The output short protective circuit and the output excessive current protective circuit limit input power from the electric power source, namely, these protective circuits limit the input power to the switching supply circuit. The level of protection provided by the protective circuit for protecting the electric power source is not satisfactory because the precision of the circuit for limiting power is poor, and because the protective circuit does not monitor directly an input voltage Vin and an input current Iin.
Japanese Patent Application Publications Nos. 10-284102 and 11-144749 disclose techniques for protecting an electric power source such as a fuel cell.
According to Japanese Patent Application Publication No. 10-284102, a function generator is arranged to input an output command to an inverter to set an upper limit value of a direct current responsive to the output command. A direct current detector is arranged to detect a direct current supplied from a fuel cell to the inverter. The inverter is controlled so that the direct current value detected by the director current detector does not exceed the upper limit value of the direct current from the function generator.
According to Japanese Patent Application Publication No. 11-144749, a second voltage value, higher than a first voltage value set for stopping an abnormal operation of a fuel cell, is set to monitor the voltage of the fuel cell. If the voltage of the fuel cell reaches the second voltage value, an input current to a power adjuster is gradually lowered.
In accordance with the disclosed techniques, if the input current to the inverter or the power adjuster is lowered, the input voltage thereto rises. As a result, the output current falls resulting in the output power being insufficient to drive a load.

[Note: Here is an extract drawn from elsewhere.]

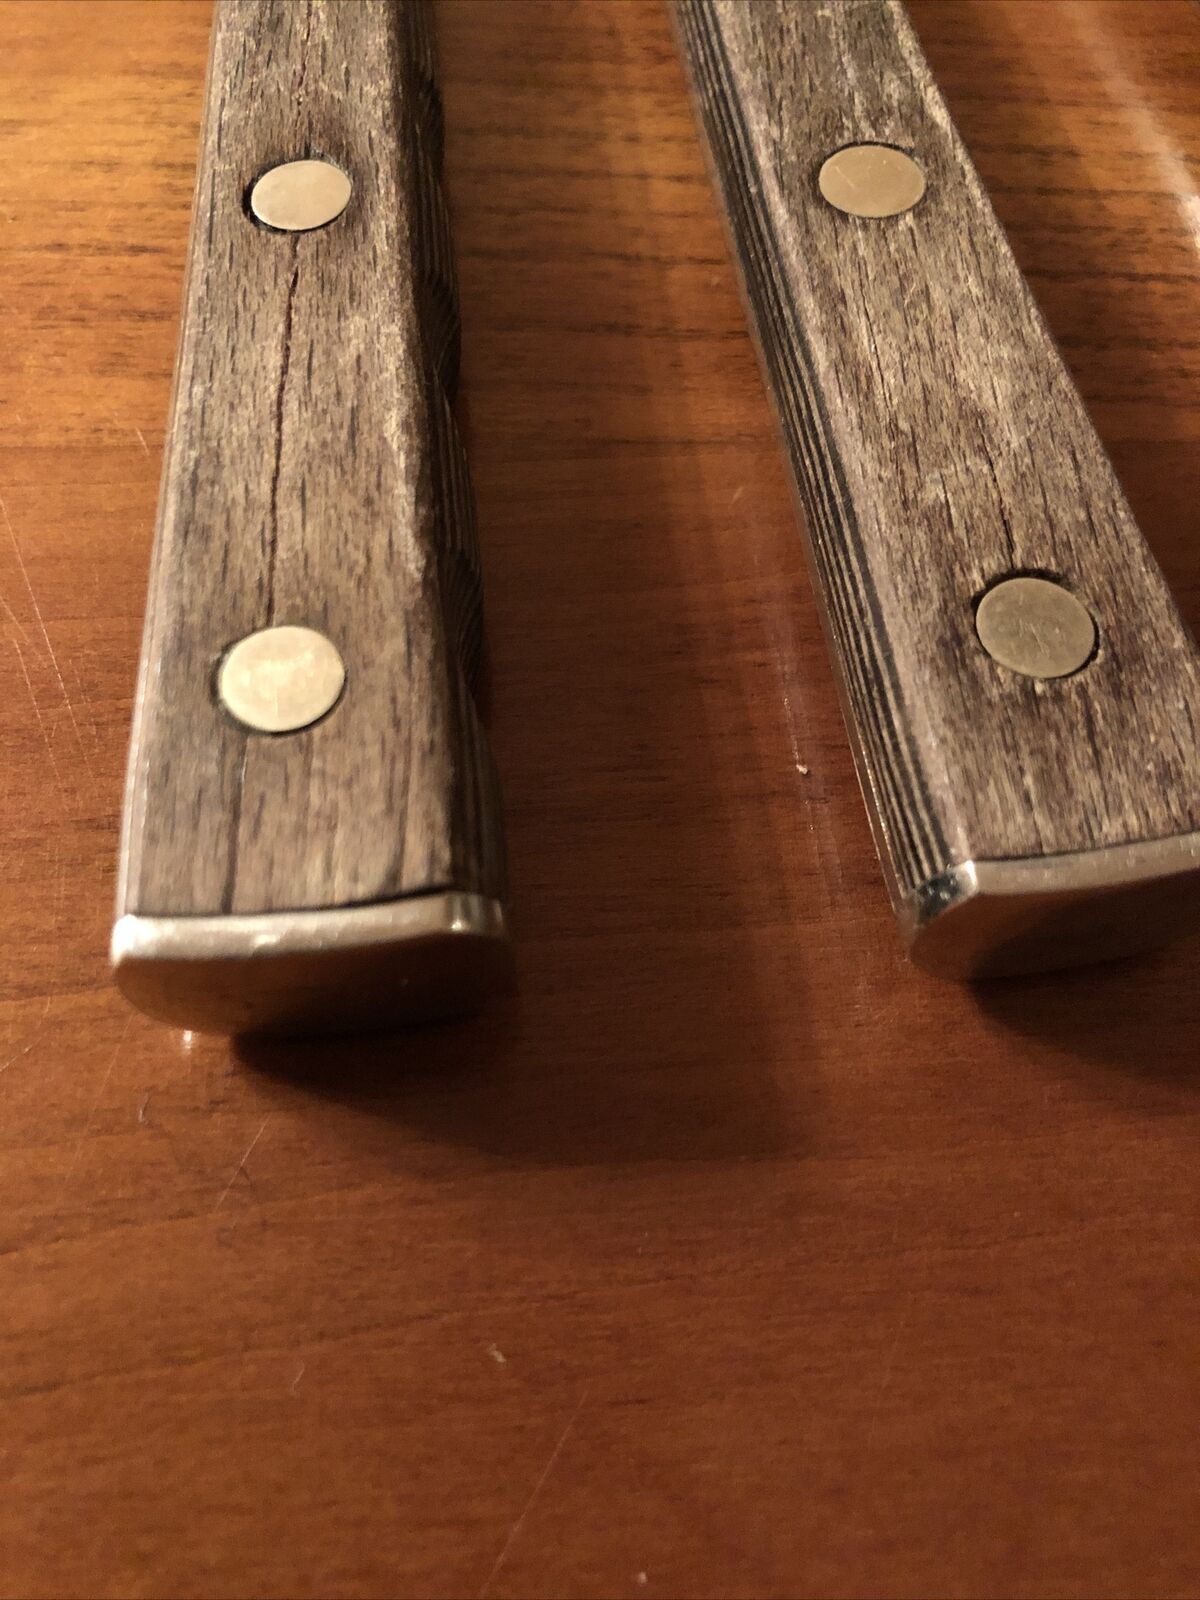 Silvern Wood Carving Knife - Hardwood Handle

Generally speaking, if an output current or an output power increases in an electric power source, such as a fuel cell having a relatively high internal impedance, the output voltage of the electric power source falls due to a voltage drop across the internal impedance.
An output control device is typically used to control the output of the electric power source. The electric power source switches the output voltage of a electric power source such as a fuel cell before providing the output to a load. As an output current Iout output from the output control device to the load increases, an output current of the electric power source, namely, an input current Iin to the output control device can rise above a predetermined value. If the input current Iin rises above the predetermined value, an output voltage of the electric power source, namely, an input voltage Vin to the output control device is lowered, leading to a positive feedback operation in which the input current Iin to the output control device further increases while the input voltage Vin further decreases. As a result, an input voltage Vin continuously decreases, and the output control device is unable to maintain the output voltage Vout at a desired value.

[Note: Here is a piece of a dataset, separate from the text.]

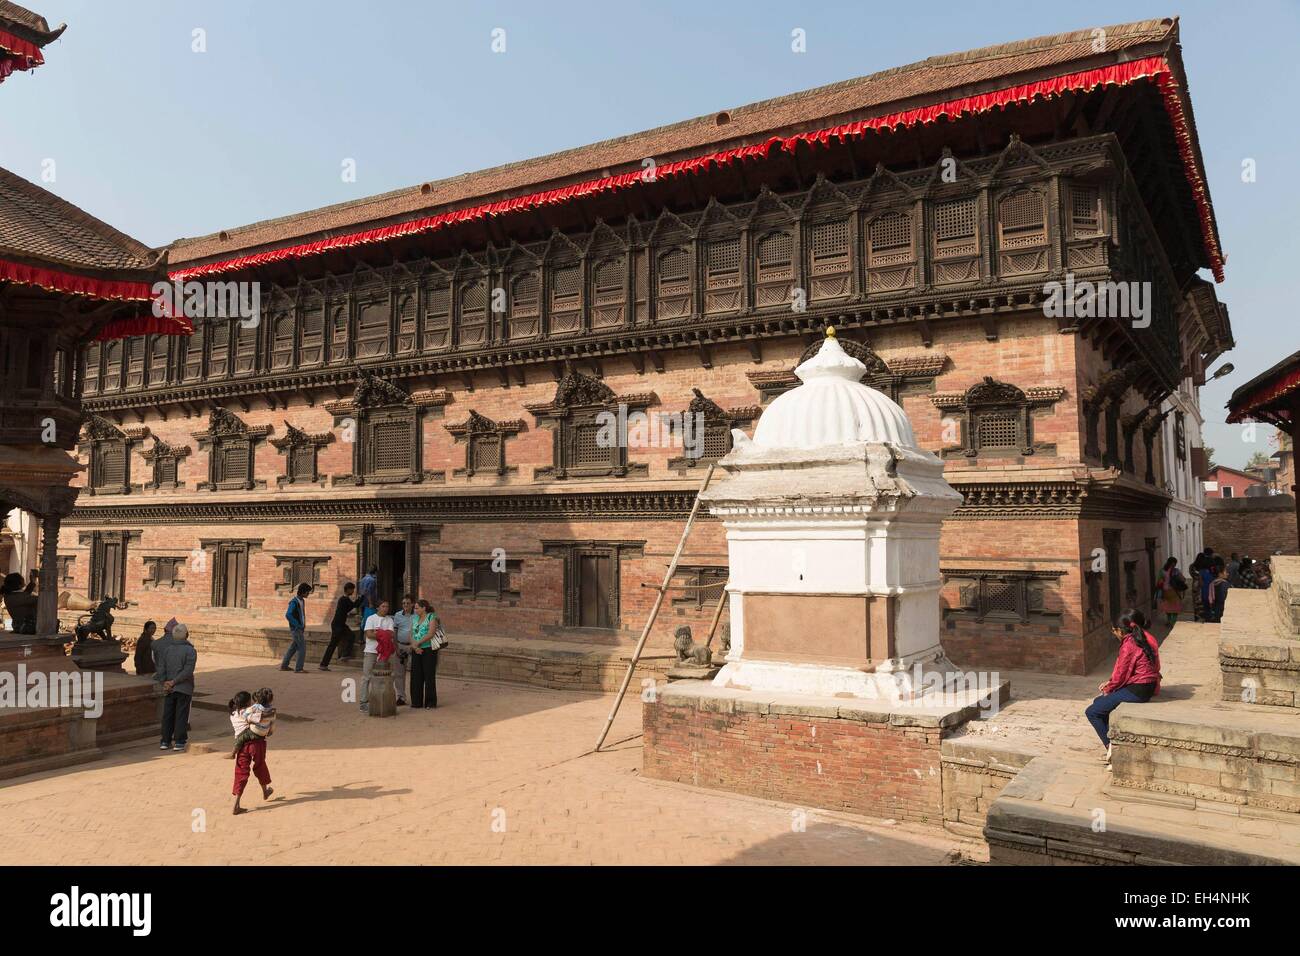 Nepal, Kathmandu-Tal, Bhaktapur, Weltkulturerbe von der UNESCO zum Weltkulturerbe der UNESCO, der Palast der 55 Fenster Stockfoto

More specifically, when the output current Iout is low, the input current Iin is also low, and therefore the input voltage Vin is high. Under this condition, variations in the input current Iin and the input voltage Vin due to a variation in the output current Iout are small.
However, a high output current lout causes a high input current Iin, leading to a low input voltage Vin. Under this condition, variations in the input current Iin and the input voltage Vin due to a variation in the output current Iout becomes large.
In other words, variations in the input current Iin and the input voltage Vin gradually become large as the output current Iout rises. If the magnitude of the variations rises above a value unique to a switching power supply, a positive feedback chain of a rise in the input current Iin→a fall in the input voltage Vin→a rise in the input current Iin takes place. As a result, the input voltage Vin sharply drops, damaging the electric power source and leading to the output of insufficient power to a connected load.
Such a malfunction occurs in all power supply having an internal impedance. The higher the internal impedance of the electric power source, the more pronounced the malfunction becomes.